Yes, the same with my wife, absolutely true words.



> There is nothing you or I can change about that, apart from filing a feature request (and that is something you apparently don’t want to do).


Actually, I would think -  among other things - that might not cause that big changes or small ones.


----------



## Biff (Sep 7, 2018)

> You know how they were set before because if you simply go one step back in the history panel.


I would not think so, if you do not want to lose your editing done between now / the last history item and setting the preset you cannot / do not know.


----------



## Ed Anderson (Sep 7, 2018)

Am I missing something?  Lightroom 7.5 has a "Hover Over Preview of Presets"  Ensure it is enabled.  Under Preferences>Performance>Develop Section, ensure "Enable Hover of Presets in Loupe" is checked.  Then when in the Develop module, when hovering over a preset it will show a preview before clicking on it.  You can then hover over other presets to see the effect before applying it.  Sometimes its slow so you may have to wait a second or two.  If you accidentally click on the preview and apply, CTRL+Z to Undo.


----------



## Biff (Sep 8, 2018)

Yes, that is and has been enabled, by default and it is working.
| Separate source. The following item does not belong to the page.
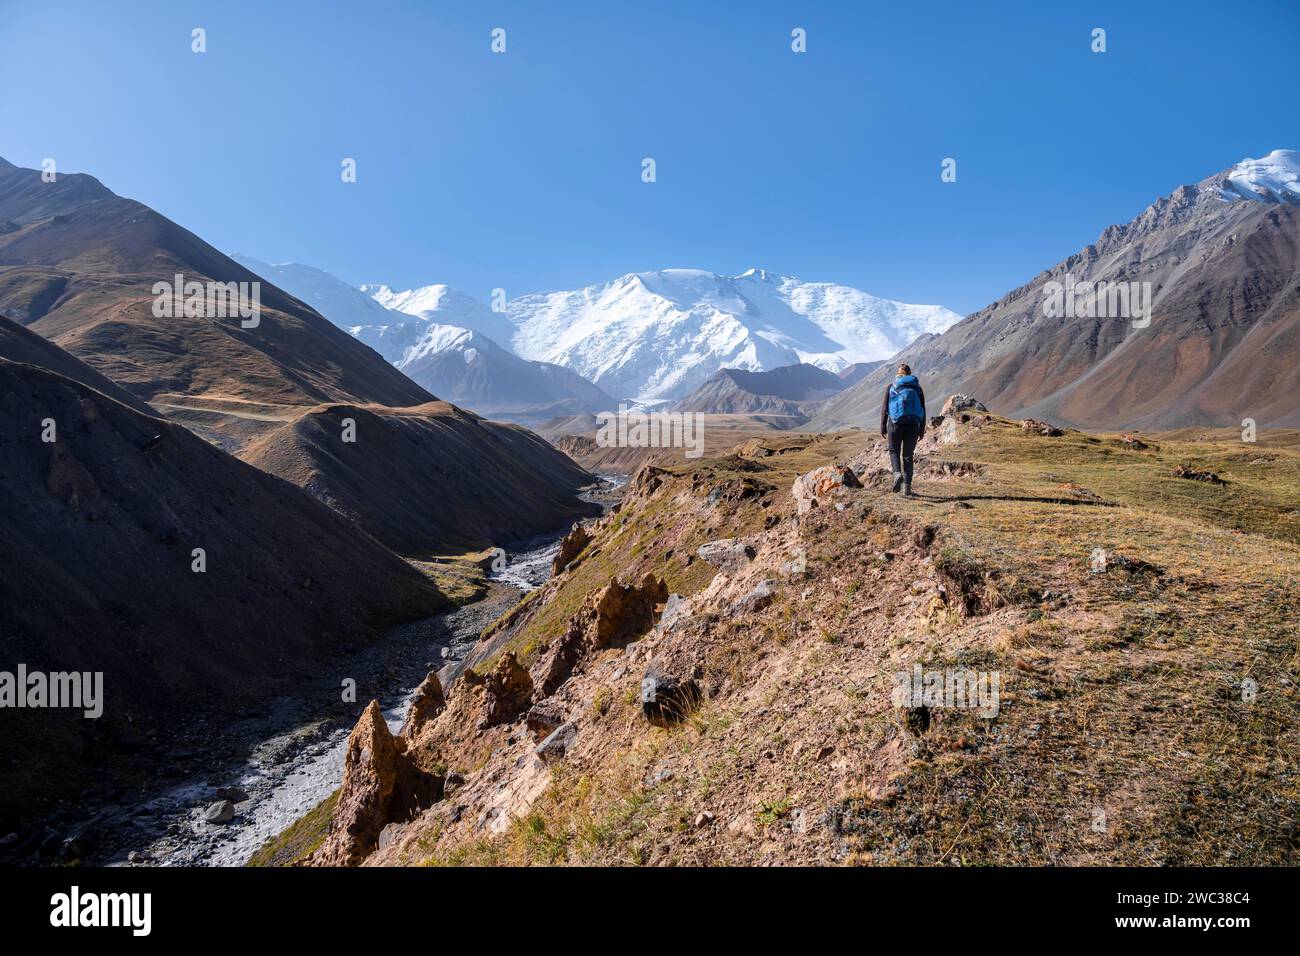 Wanderer im Tal mit dem Fluss Achik Tash zwischen hohen Bergen, Berglandschaft mit dem Gipfel Pik Lenin, Provinz Osh, Kirgisistan Stockfoto

But after 




> f you accidentally click on the preview and apply, CTRL+Z to Undo.



Or use the history, yes, but if you decide to not to use it or want to see the image without that preset at the end of editing you cannot just switch off that preset (without making the other edition undone done after you enabled that preset).


----------



## DGStinner (Sep 8, 2018)

It sounds like you may be better of using Photoshop where you can perform each edit in a separate layer and then hide the layer to see its effect.


----------



## Ed Anderson (Sep 8, 2018)

Biff said:


> but if you decide to not to use it or want to see the image without that preset at the end of editing you cannot just switch off that preset (without making the other edition undone done after you enabled that preset).
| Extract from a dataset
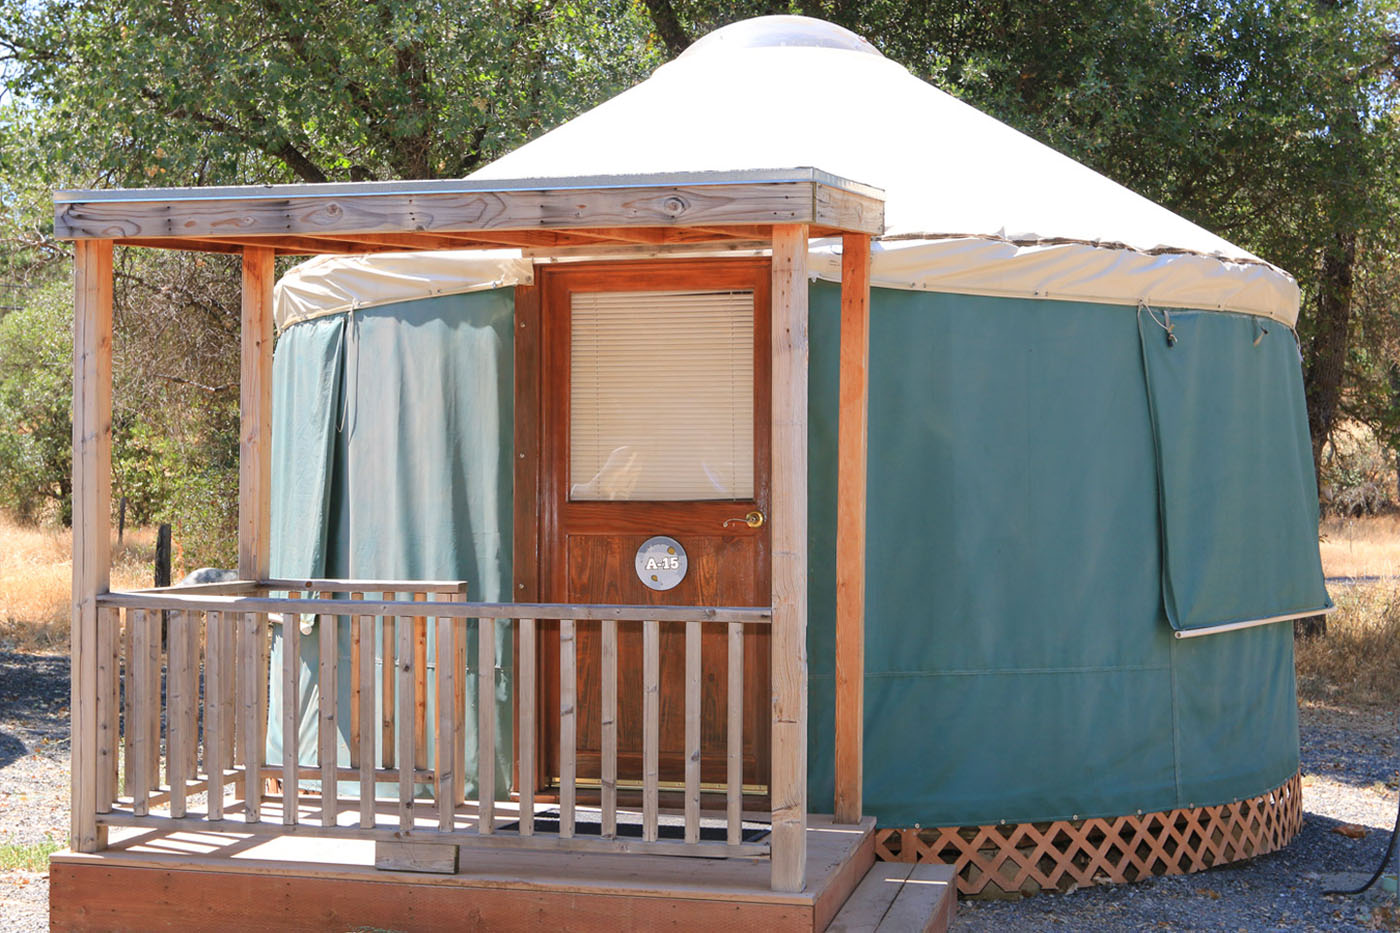 Yosemite Area Yurt Camping

Thanks, I see what I was missing.  Unfortunately, I don't know of way to do that, though it would be a great feature. At the moment it seems you'd be  reseting everything and starting over.


----------



## davidedric (Sep 8, 2018)

Think about it.  If you applied a preset,  then moved one or more sliders, then wanted to "undo" the preset, what would you expect the new value of those moved sliders to be?  

Dave


----------



## Biff (Sep 9, 2018)

> It sounds like you may be better of using Photoshop where you can perform each edit in a separate layer and then hide the layer to see its effect.


Yes, that would be great ( at that moment I realise LR doesn't have such layers obviously), but I am absolutely not able to use such a comprehensive programm and I have a slow computer.



> Thanks, I see what I was missing. Unfortunately, I don't know of way to do that, though it would be a great feature. At the moment it seems you'd be reseting everything and starting over.


No no, I have to say  thanks for your help!



> Think about it. If you applied a preset, then moved one or more sliders, then wanted to "undo" the preset, what would you expect the new value of those moved sliders to be?


The value they would have without using the preset, I would say.


----------



## frozenframe (Sep 16, 2018)

If you like using Presets a lot, then make a *PRESET-RESET*.  It's real easy to do. Just make sure all sliders are set to their zero values. Hit the + on the Preset panel to create a preset. The dialog pops up, check all the boxes that you want to have reset, which generally is all of them.  Give your preset a name, and tell LR what group of presets you wan to save it to. 

Now when you apply a preset and don't like it, just hit the RESET Preset and viola you're back to just before you applied the preset.


----------



## Biff (Sep 16, 2018)

Thank you very much!

Very sorry for my bad understanding. What is the benefit of doing it? Why not use CTRL+Z or the "History" instead?


----------